Как-никак, а в общем «Новое время» производит отвратительное впечатление. Телеграмм из Парижа нельзя читать без омерзения, это не телеграммы, а чистейший подлог и мошенничество. <…> Это не газета, а зверинец, это стая голодных, кусающих друг друга за хвосты шакалов, это черт знает что.
Когда мы с Горьким стали нападать на «Новое время», специально на Суворина и Меньшикова, косвенно упрекая Чехова, что он с ними не порывает связи, Чехов заметил, что не видит особенной разницы между направлением «Нового времени» и так называемых либеральных газет.
– Ну а антисемитизм? А позиция «Нового времени» в «деле Дрейфуса»?
Чехов согласился, что Суворин по отношению к делу Дрейфуса держал себя подло.

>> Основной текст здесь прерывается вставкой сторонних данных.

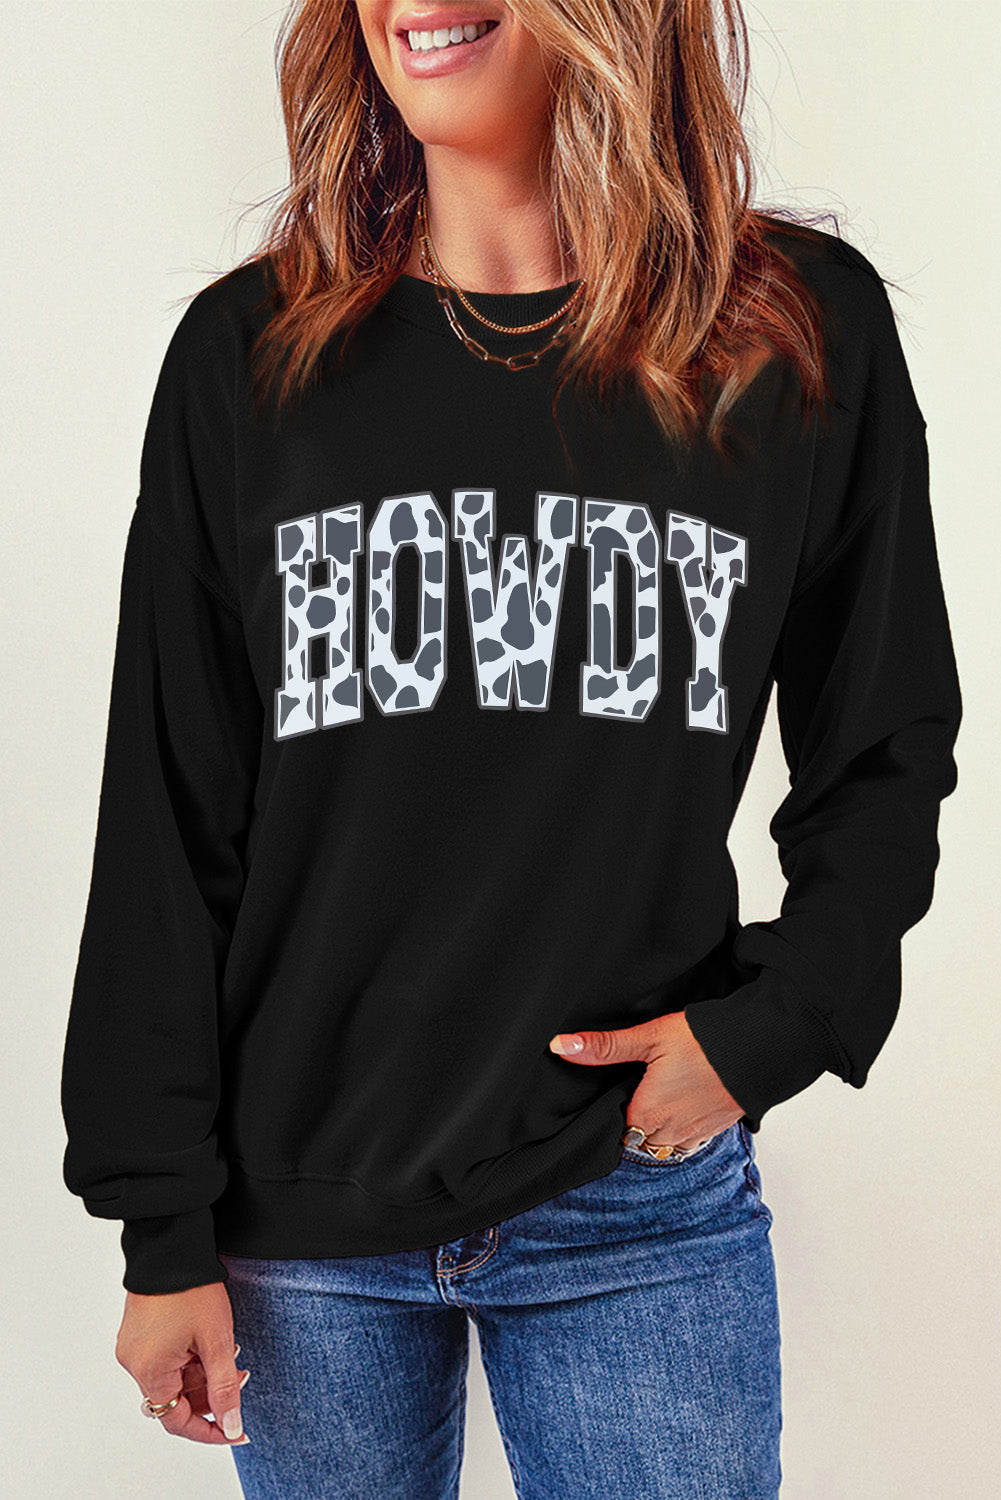 Round Neck Long Sleeve Howdy Graphic Sweatshirt - Kawaii Stop - Butterfly Lover, Casual Style, Durable Material, Enchanting Fashion, Fall Wardrobe, Graphic Sweatshirt, Hoodies, Long Sleeve, Machine Washable, Nature's Charm, Nature-Inspired Design, No Dry Cleaning, Opaque Fabric, Outdoor Beauty, Relaxed Fit, Round Neck, Ship From Overseas, Sweatshirts, SYNZ, Versatile, Whimsical Artwork, Women's Clothing, Women's Fashion
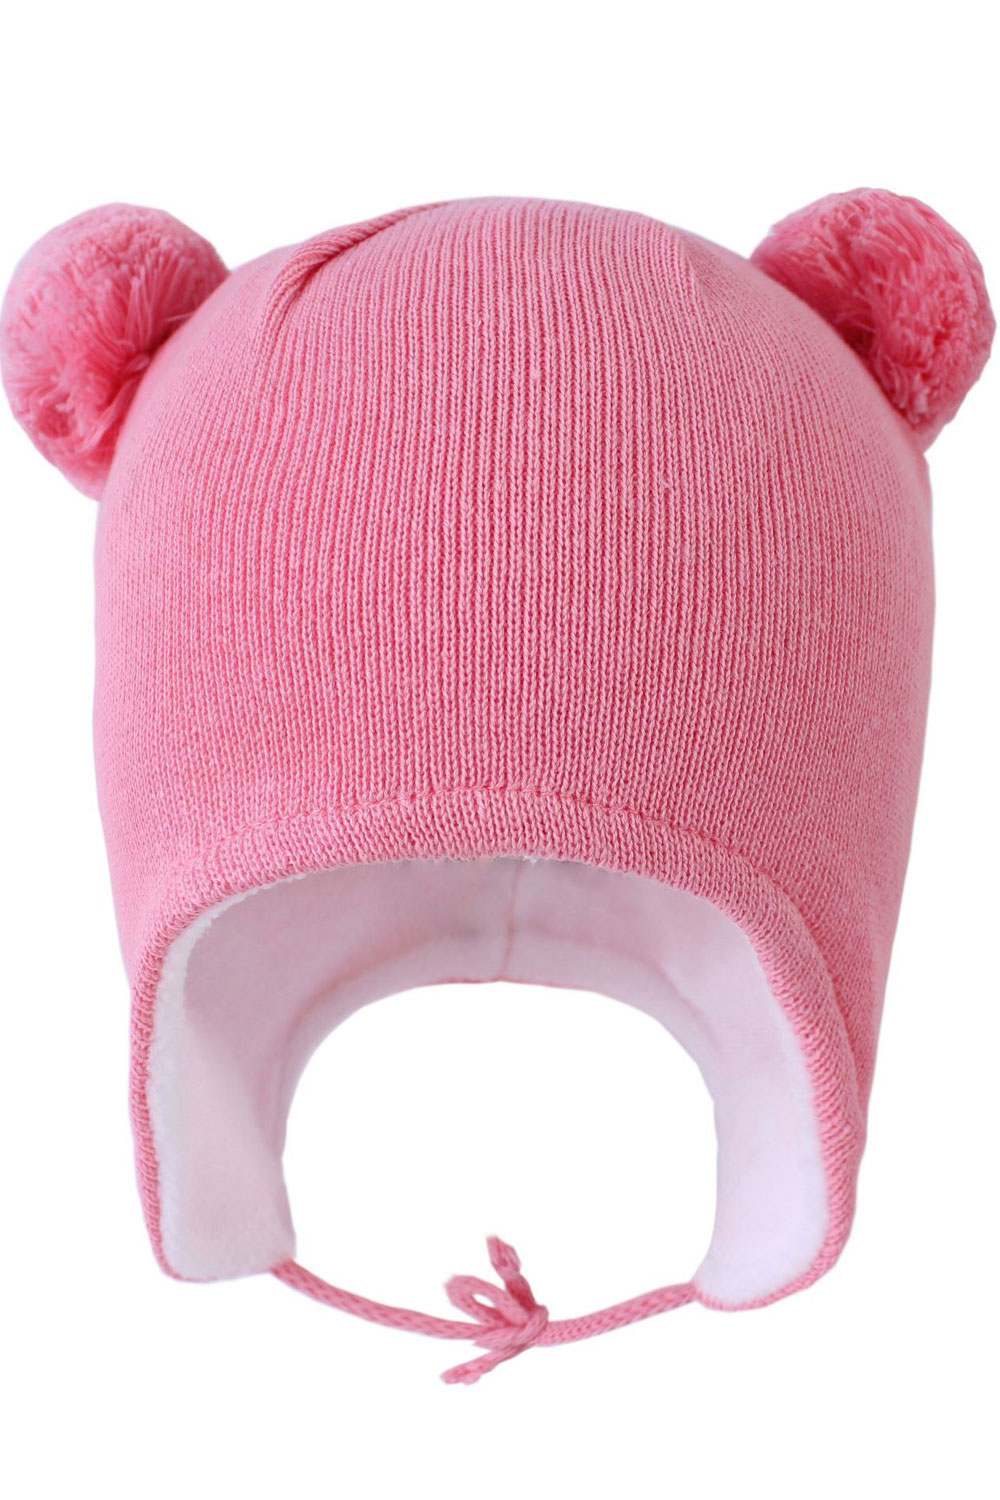 Jhon Peters Kids Elegant Solid Color Hair Ball Decorated Warm Cap

– Помню, – рассказывал при этом Чехов, – мы сидели в Париже в каком-то кафе на бульварах: Суворин, парижский корреспондент «Нового времени» Павловский и я. Это было время разгара борьбы вокруг «дела Дрейфуса». Павловский, как и я, был убежден в невиновности Дрейфуса. Мы доказывали Суворину, что упорствовать в обвинении заведомо невиновного только потому, что он еврей, как это делает «Новое время», по меньшей степени непристойно. Суворин защищался слабо, и наконец, не выдержав наших нападок, встал и пошел от нас. Я посмотрел ему вслед и подумал: «Какая у него виноватая спина!»
Вероятно, в тот момент у Чехова тотчас сложился рассказ «Виноватая спина».
Я с Чеховым чувствую себя превосходно. Я на 26 лет старше его. Познакомились мы с ним в 1886 г. «Я тогда был моложе», – сказал я. «А все-таки на 26 лет и тогда были старше».
Милый Мишель, я вернулся из-за границы и теперь могу ответить на твое письмо. Что ты будешь жить в Петербурге, это, конечно, очень хорошо и спасительно, но насчет службы у Суворина ничего определенного сказать не могу, хотя думал очень долго. Конечно, на твоем месте я предпочел бы службу в типографии, газетой же пренебрег бы. «Новое время» в настоящее время пользуется очень дурной репутацией, работают там исключительно сытые и довольные люди (если не считать Александра <Чехова>, который ничего не видит), Суворин лжив, ужасно лжив, особенно в так называемые откровенные минуты, т. е. он говорит искренно, быть может, но нельзя поручиться, что через полчаса же он не поступит как раз наоборот. Как бы ни было, дело это нелегкое, помоги тебе Бог, а советы мои едва ли могут оказать тебе какую-либо помощь.
Совершенно исключительная была какая-то нежная любовь Суворина к Чехову. К другим он питал интерес; считал их полезными России и т. д. Из всех этих сложных отношений выделялась его любовь к Чехову как личности – и только; больше – к личности, чем к литератору, хотя он очень любил его и как литератора. Помню его встречавшим гроб Чехова в Петербурге: с палкой он как-то бегал (страшно быстро ходил), все браня нерасторопность дороги, неумелость подать вагон… Смотря на лицо и слыша его обрывающиеся слова, я точно видел отца, к которому везли труп ребенка, или труп обещающего юноши, безвременно умершего. Суворин никого и ничего не видел, ни на кого и ни на что не обращал внимания, и только ждал, ждал… хотел, хотел… гроб!!
Удивительно. Мне кажется, если бы Антон Павлович сказал ему: «Пришла минута, нуждаюсь в квартире, столе, сапогах, покое и жене», то Суворин бы сказал ему: «Располагайтесь во всем у меня». Буквально. Да я что-то такое и видел в кусочках, подсмотрел.
Чехова, в литературном мире давнем и новом, он больше всех любил.
А. С. <Суворин> о Чехове: «Певец среднего сословия! Никогда большим писателем не был и не будет…» Видимо, А. С. начинает остывать.
Путешествие
Что касается меня, то я тоже кашляю, но жив и, кажется, здоров. Этим летом у Вас не буду, так как в апреле по своим надобностям уезжаю на остров Сахалин, откуда вернусь в декабре. Туда еду через Сибирь (11 тысяч верст), а оттуда морем. Миша, кажется, писал Вам, что меня будто кто-то командирует туда, но это вздор. Я сам себя командирую, на собственный счет. На Сахалине много медведей и беглых, так что в случае, если мною пообедают господа звери или зарежет какой-нибудь бродяга, то прошу не поминать лихом.
9 марта. Сорок мучеников и 10 000 жаворонков.